Френсис встал, совершенно озадаченный.
– Вы куда? – беспардонно спросил Алистер.
– По нужде!.... – недовольно ответил юный лорд.
Сны ему снились редко, даже очень редко, и никогда не запоминались. А тут такое!....
Вернувшись в свою опочивальню, Френсис лег, укутался в одеяла, но Алистера не отпустил, а принялся с ним болтать о том, о сём, хотя очень скоро выяснилось, что общих интересов у молодых людей нет. Новый премьер Дизраэли был прав: в Англии действительно существовало две нации, одна та, про которую писал Диккенс, другая та, которая была в состоянии купить его книги. Как и положено разным национальностям, они говорили на разных языках, одни не умели читать по-английски, другие слишком много писали и мало делали. Глядя теперь на Алистера, Френсис не стал судить, плохо ли это или хорошо. За добродушие он даже готов был со снисходительностью простить деревенскому парню косность мысли. Обидно было другое: казалось, вот он, шанс, чтобы подружиться, вот он, человек, над которым можно господствовать всю жизнь, и сам Алистер был податлив и вполне расположен к милорду, как, впрочем, и ко всем людям, но Френсис был слишком разборчив, щепетилен и требователен. Звать Алистера посмотреть мир, означало предложить проехаться до ближайшей станции железной дороги, а краем света для него был Карлайл или Глазго. Пускай – решил для себя Френсис – Алистер остается на ферме своего отца, дальше границ которой не простирался его кругозор, а он, Френсис, когда закончит с делами, уедет далеко-далеко от Голлоуэя и вернется ли сюда снова, неведомо никому. А при таком раскладе, зачем какие-то теплые отношения, расставания и разочарования? Довольно и того, что этот человек, так близко сидевший к его постели, совсем не тот….. На этом мысль Френсиса оборвалась, и предрассветный сон одолел его сознание.

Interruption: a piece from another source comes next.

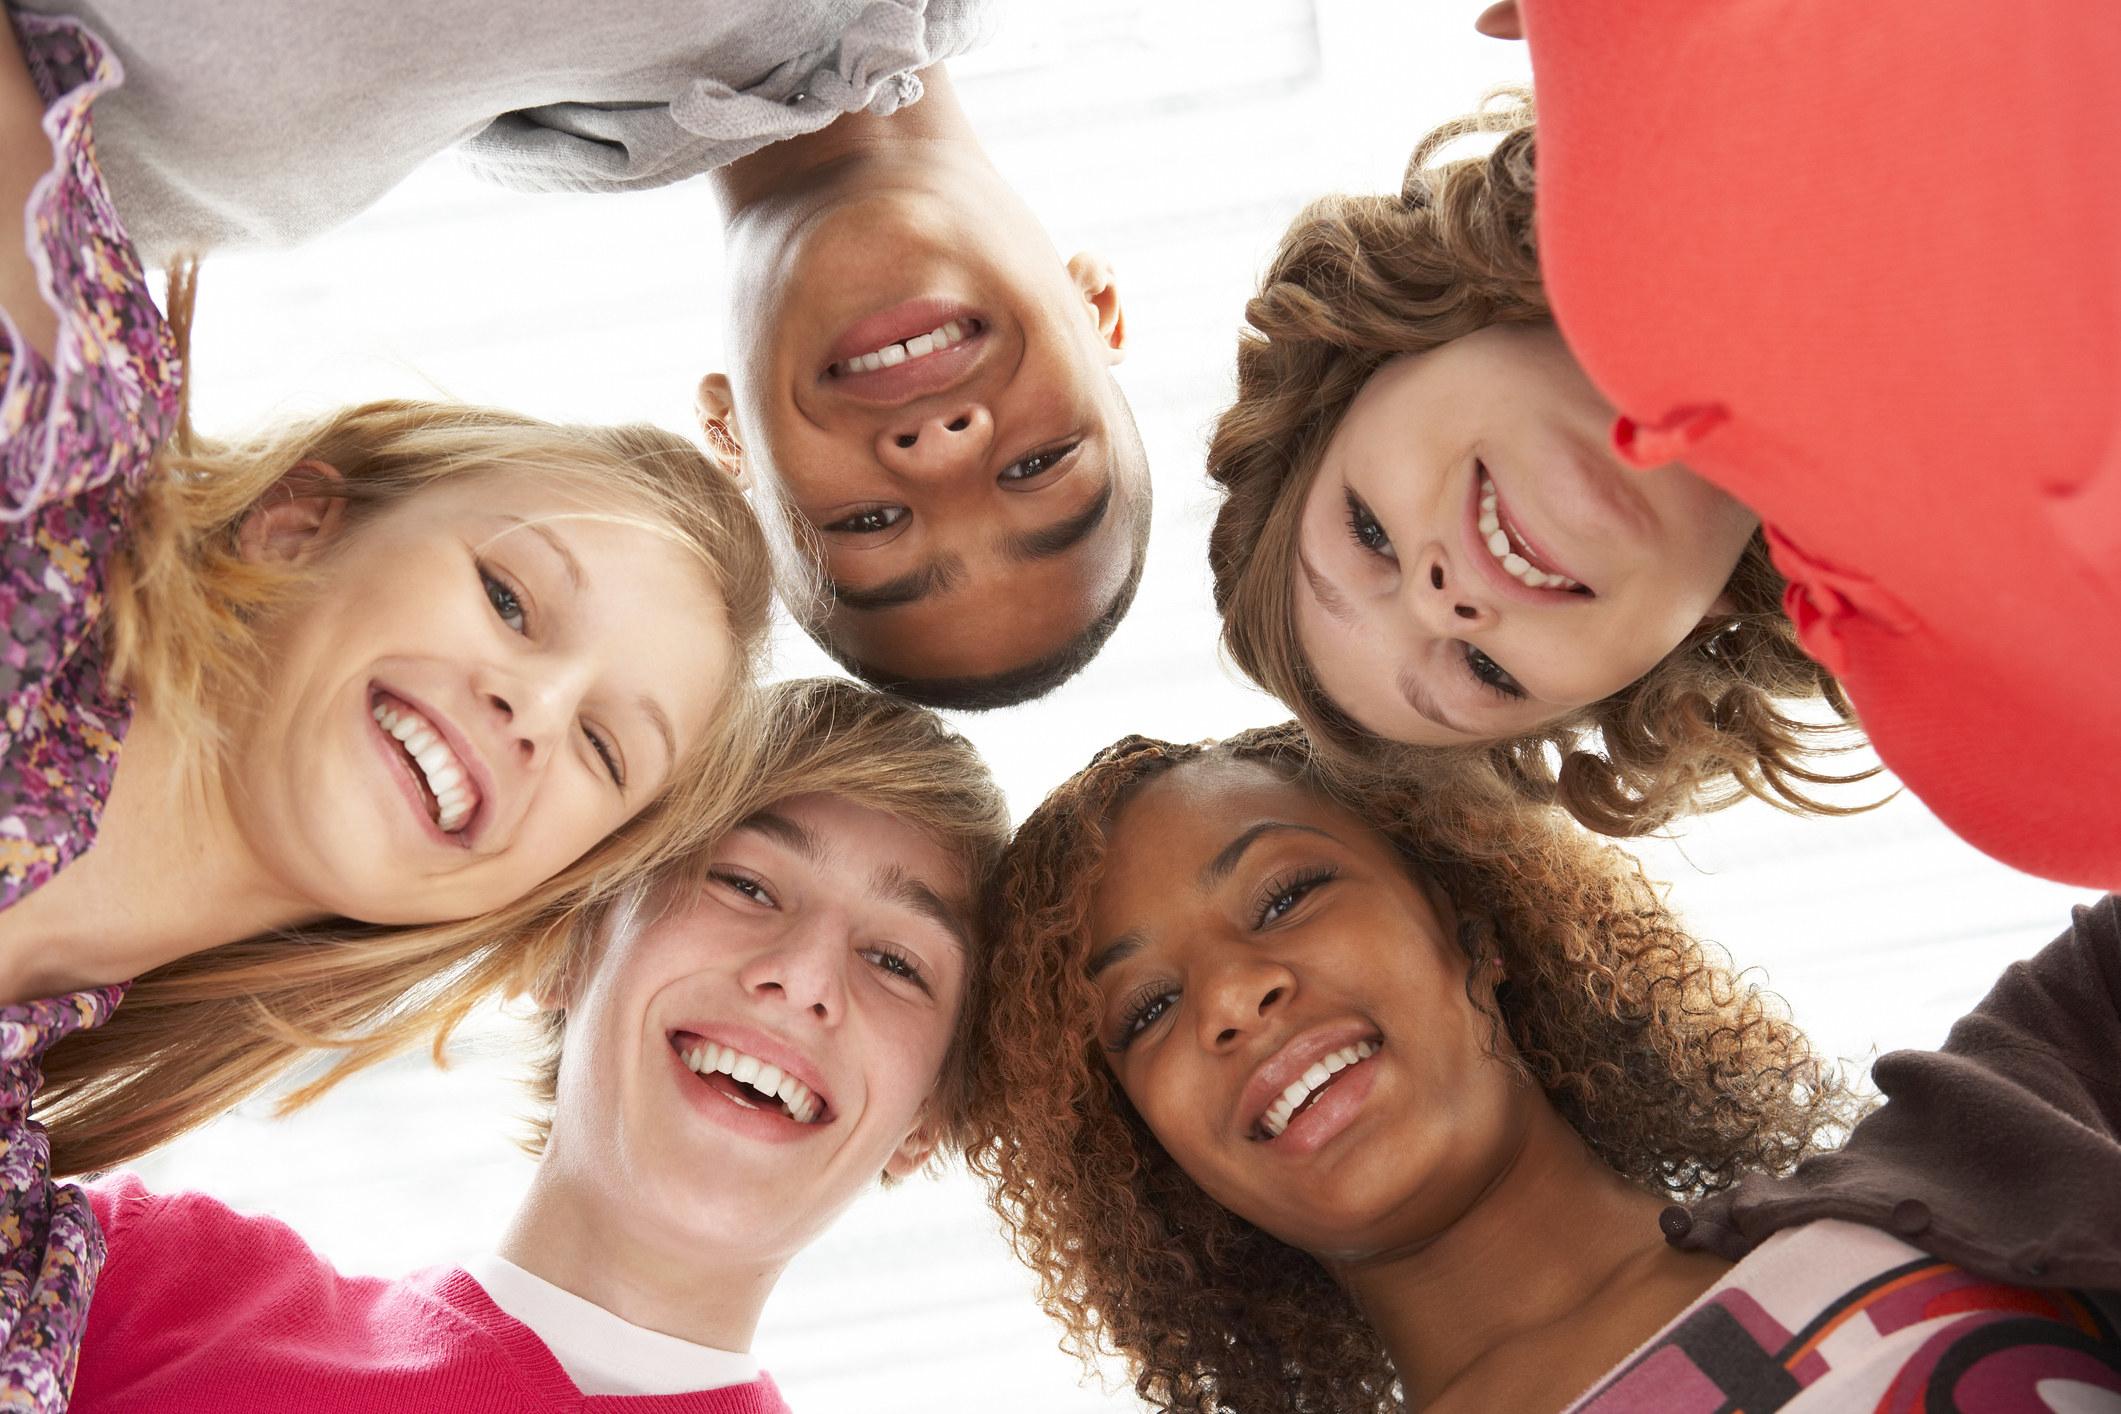 Super generic stock image of teenagers smiling

Проснувшись утром, Френсис обнаружил в кресле возле себя Алистера, мирно и беззаботно посапывающего, будто дородный поросенок. И слуга стал лорду еще более отталкивающе несимпатичен.

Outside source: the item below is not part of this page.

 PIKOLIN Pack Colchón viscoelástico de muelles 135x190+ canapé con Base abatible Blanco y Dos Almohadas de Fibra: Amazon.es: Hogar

За завтраком Маргарет всячески расхваливала своего внука, говорила, что он очень смышленый и богобоязненный….
– Смышленый и богобоязненный, – как будто про себя, но все же вслух повторил Френсис, у которого в голове не укладывалось, как такое может быть.
Он уже окончательно для себя решил, что этот человек, с которым свела его судьба, ему совершенно неинтересен, безразличен, хотя, может быть, его родители и надеялись, что у сына и внука есть какое-то будущее при юном лорде.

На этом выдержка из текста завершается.